Nothing Green About These Freeports

The freeports are more than a greenwashing gimmick, writes Ryan Morrison. They mark a grim concession to corporate efforts to profit from the climate crisis.

In January 2023, the Scottish and UK Governments jointly announced that bids from the Cromarty Firth and the Firth of Forth had been chosen to become Green Freeports. Then Deputy First Minister John Swinney described their selection as a “milestone achievement”. The Scottish Greens, part of the Scottish Government, decried the programme as a gimmick, containing “no hard requirements” on climate or fair work.

As Peter Henderson writes elsewhere in this issue, Freeports do not seem like good news for workers. Unite the Union noted the lack of clarity from the Scottish Government on enforcement of the Real Living Wage or collective bargaining rights. Nor is it clear, well over a year on, what exactly will be ‘green’ about the Freeports north of the border, compared to those across England and Wales. A scan through promotional documents on the Green Freeports shows a list of tax reliefs, customs, and planning incentives, as well as preferential access to regulators. There is nothing unique about descriptions of ‘Green’ Freeports in Scotland, and no mention of workers or climate emissions.
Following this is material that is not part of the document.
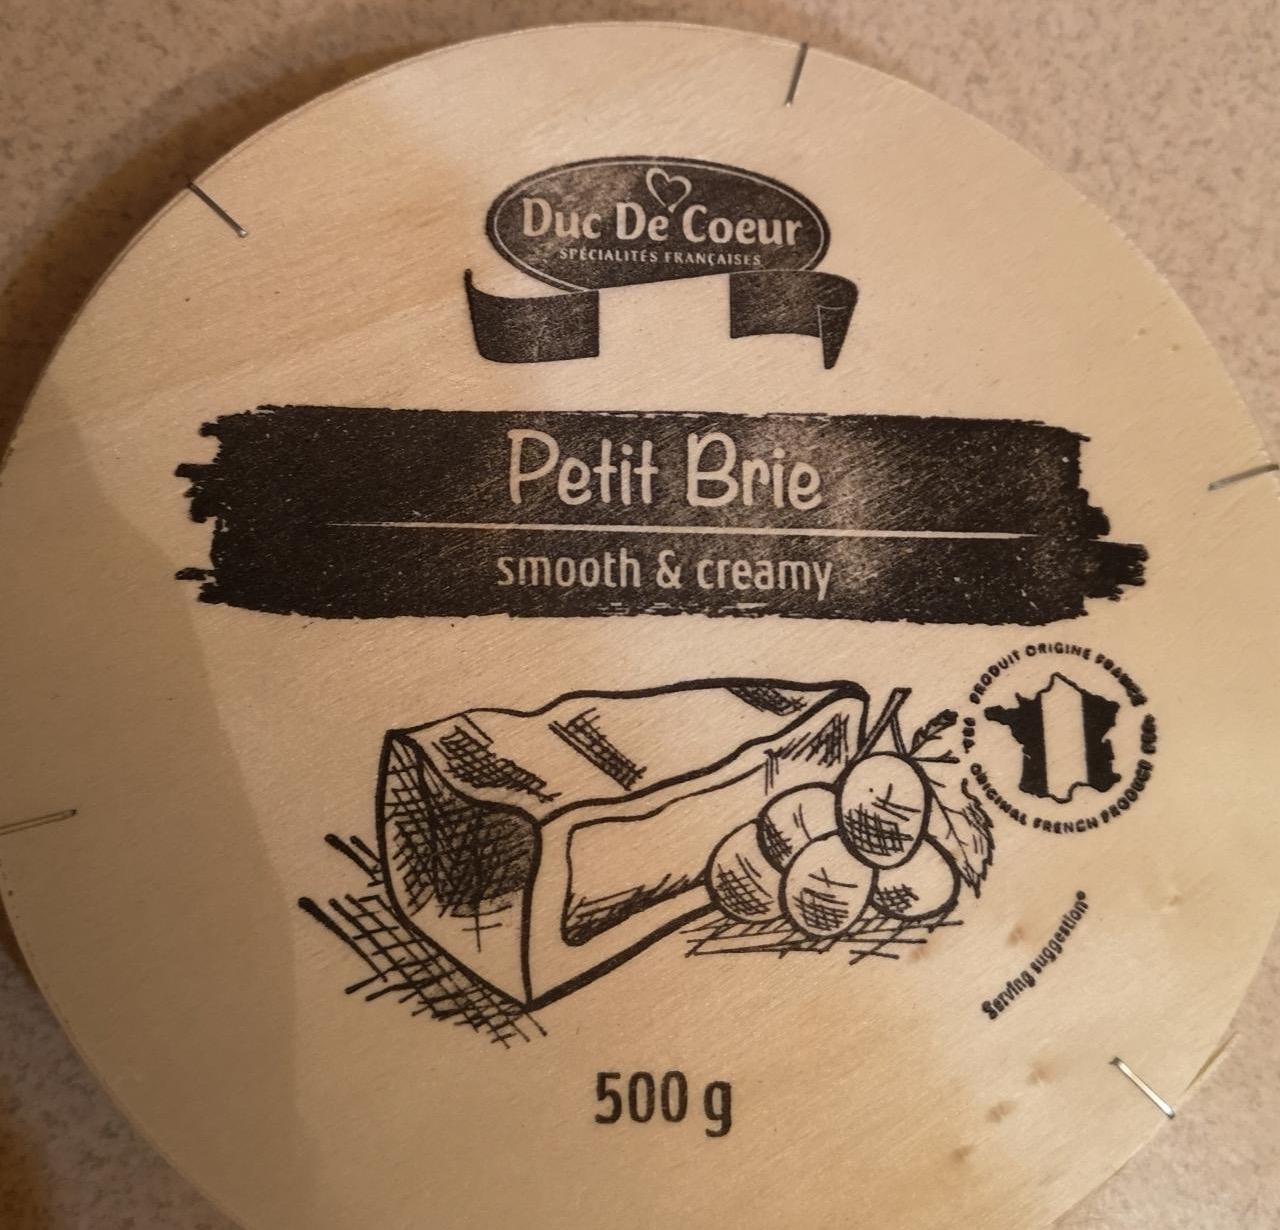 Képek - Petit Brie smooth & creamy Duc De Coeur

Big rhetoric meets harsh reality

It is well-known that the Scottish Government is eager to adopt a buzzword but reluctant to back it up with the power of the devolved administration. Fair work, climate emergency, just transition, and wellbeing economy have been taken as far as the statute books, into cabinet secretary job titles, and across a litany of vision statements in their rhetorical odyssey through the Scottish Government. The ‘green’ in our freeports continues the trend. It recognises social harm and injustice that exist, and their potential to be exacerbated in future. Such recognition just adds insult to the Scottish Government failure to meaningfully tackle their root causes or build alternative models.

ScotWind was the first round of offshore wind leasing round in Scottish waters for a decade.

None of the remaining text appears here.